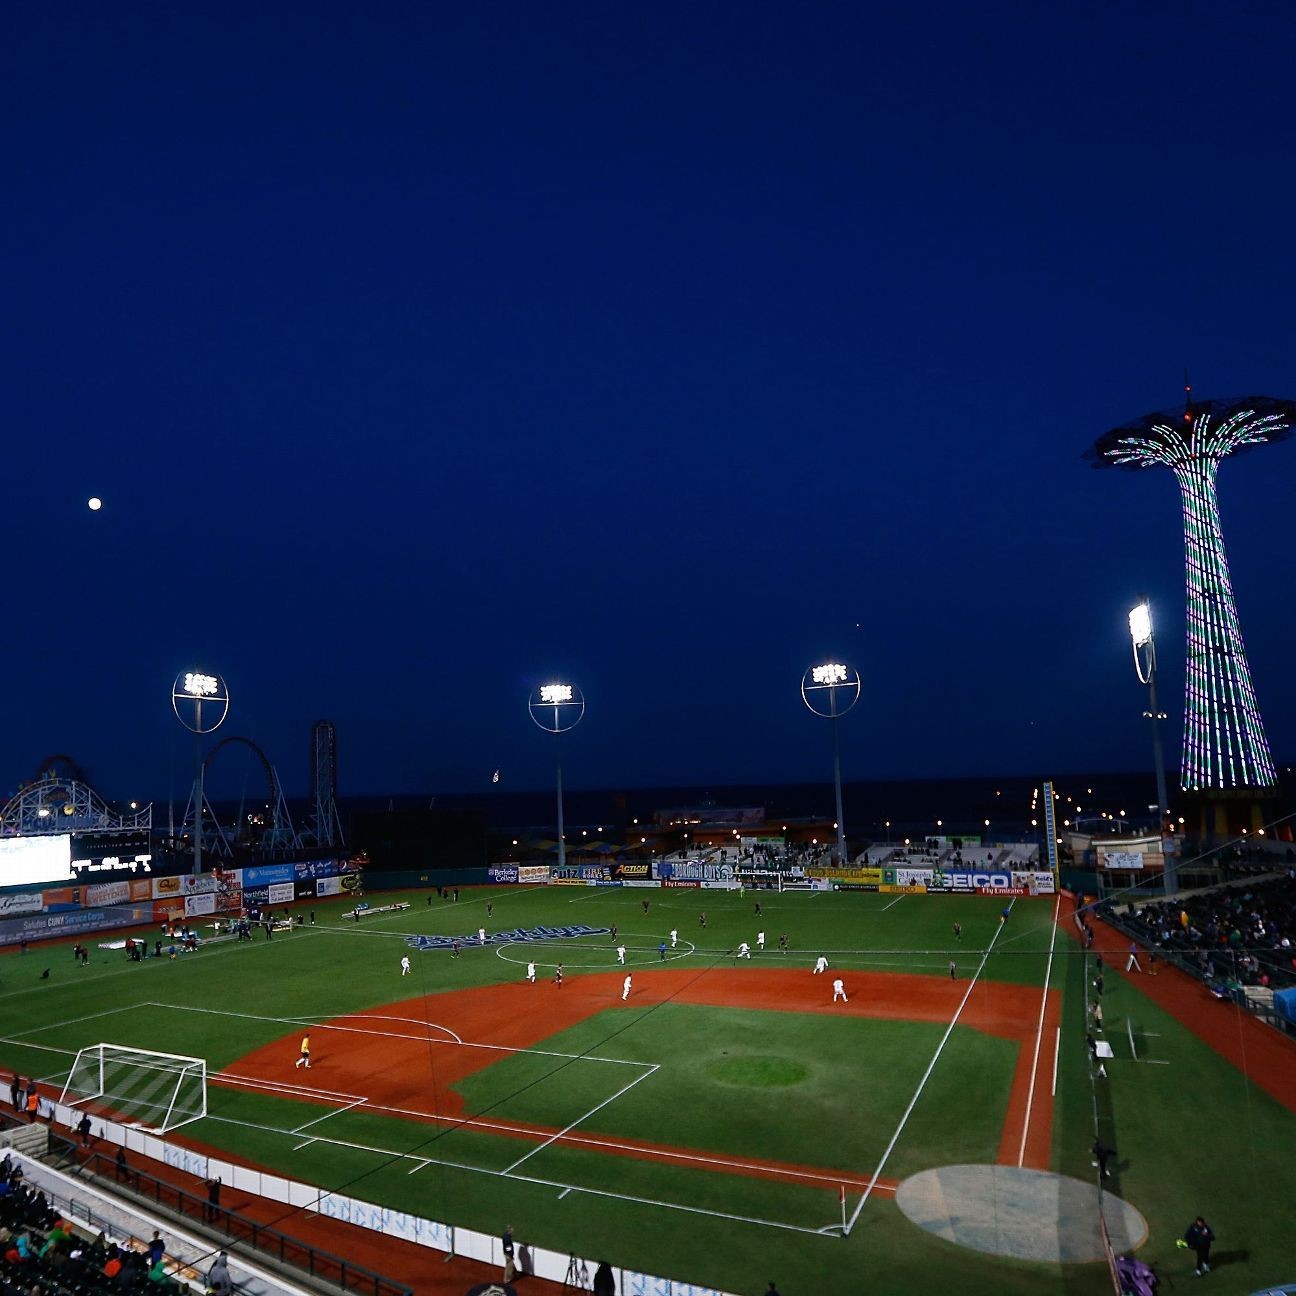 Brooklyn to host World Baseball Classic qualifier
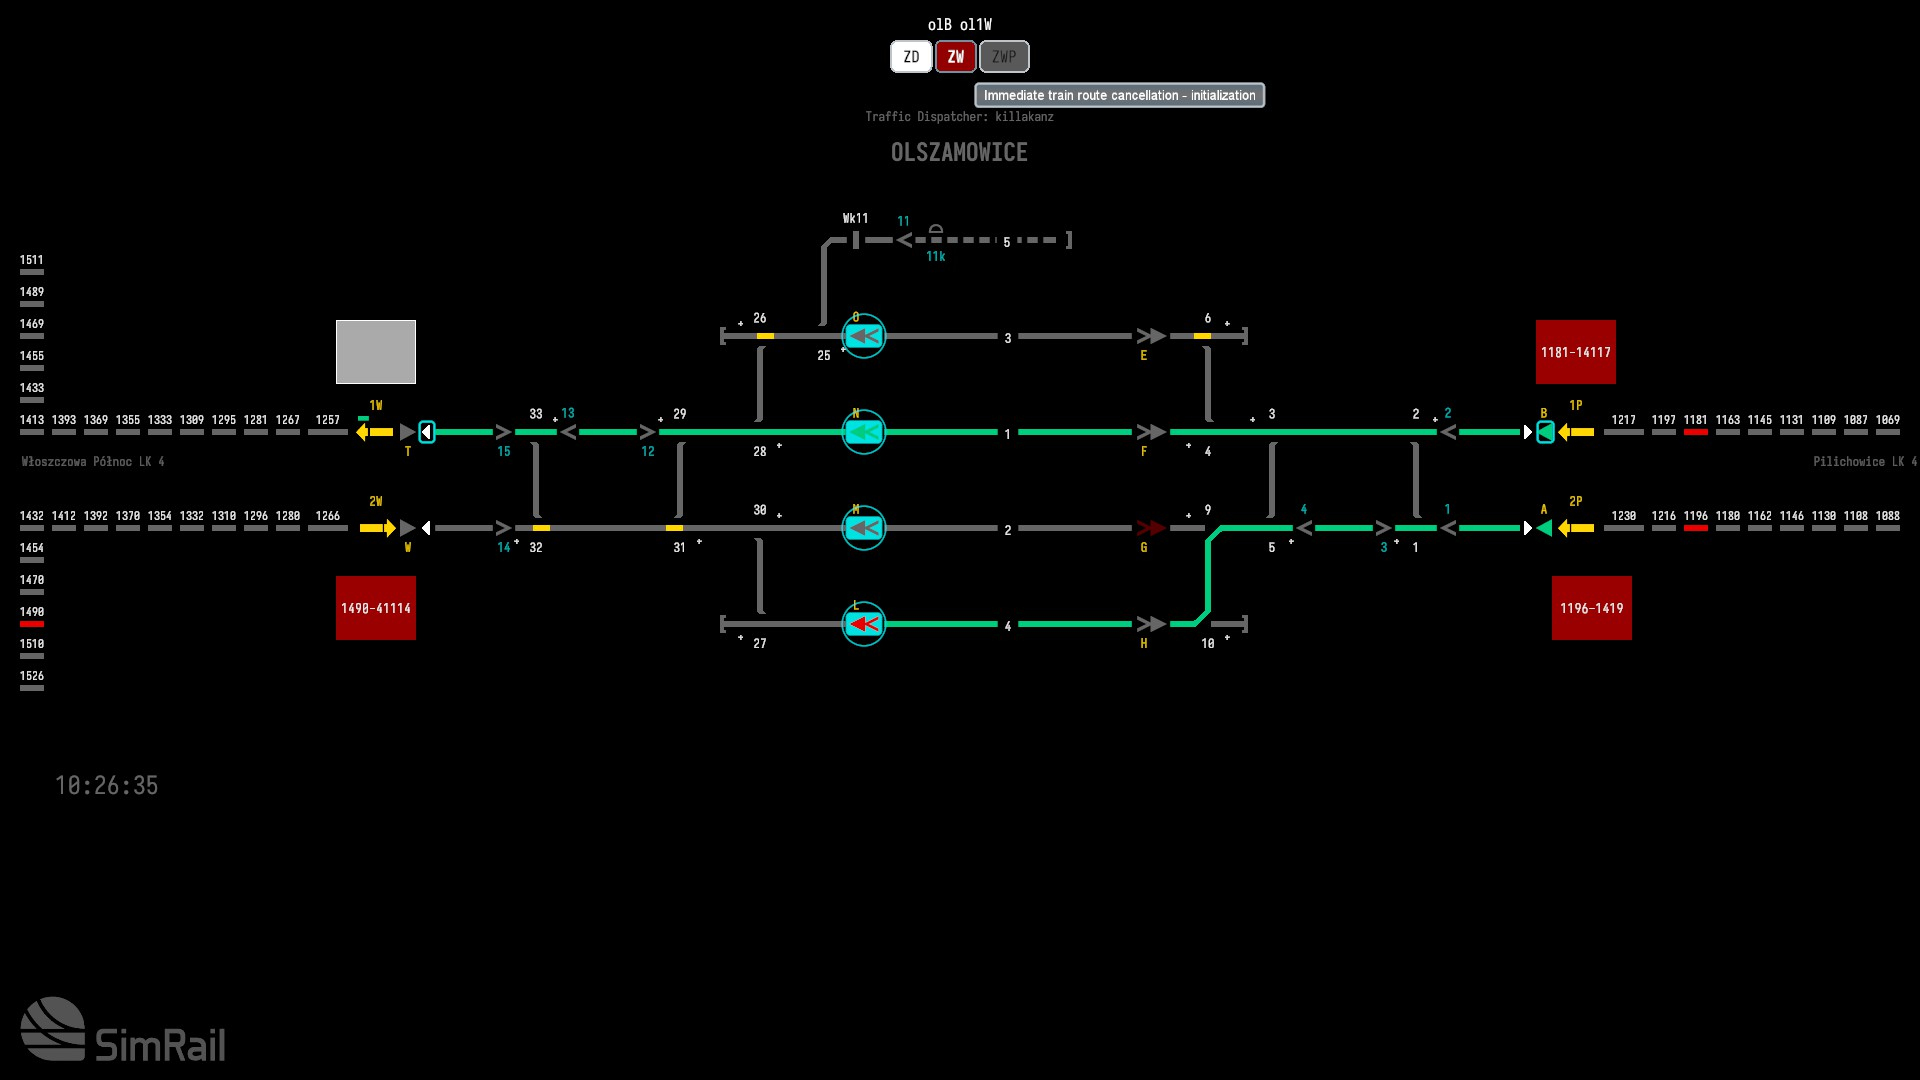 SimRail - The Railway Simulator - Basic Dispatching Full Guide - Computerised signalling - A64D12C
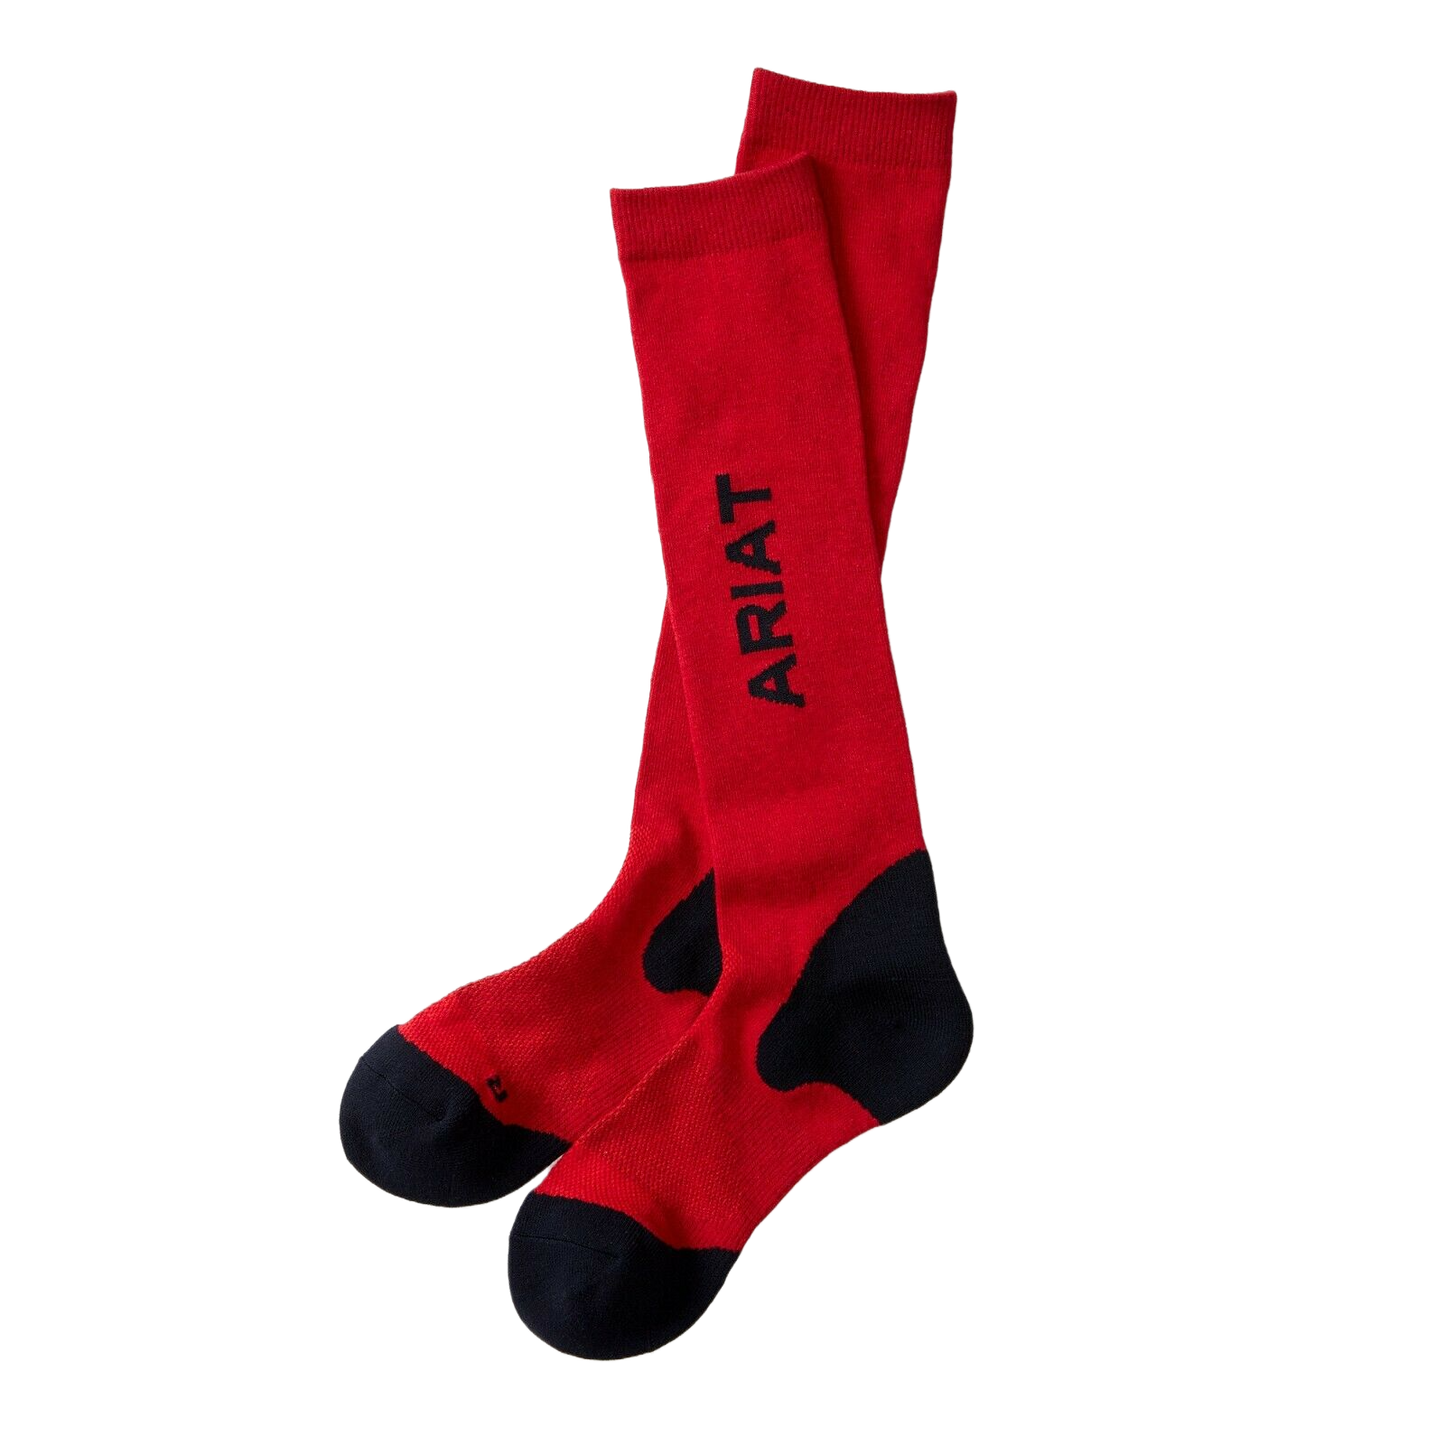 Ariat Unisex Red & Navy AriatTEK Performance Socks 10022536

§ **Task to carry out**
Since the pictures are not part of the copy, transcribe only the remaining material, exactly.

§ **Task answer**
 Brooklyn to host World Baseball Classic qualifier
 SimRail - The Railway Simulator - Basic Dispatching Full Guide - Computerised signalling - A64D12C
 Ariat Unisex Red & Navy AriatTEK Performance Socks 10022536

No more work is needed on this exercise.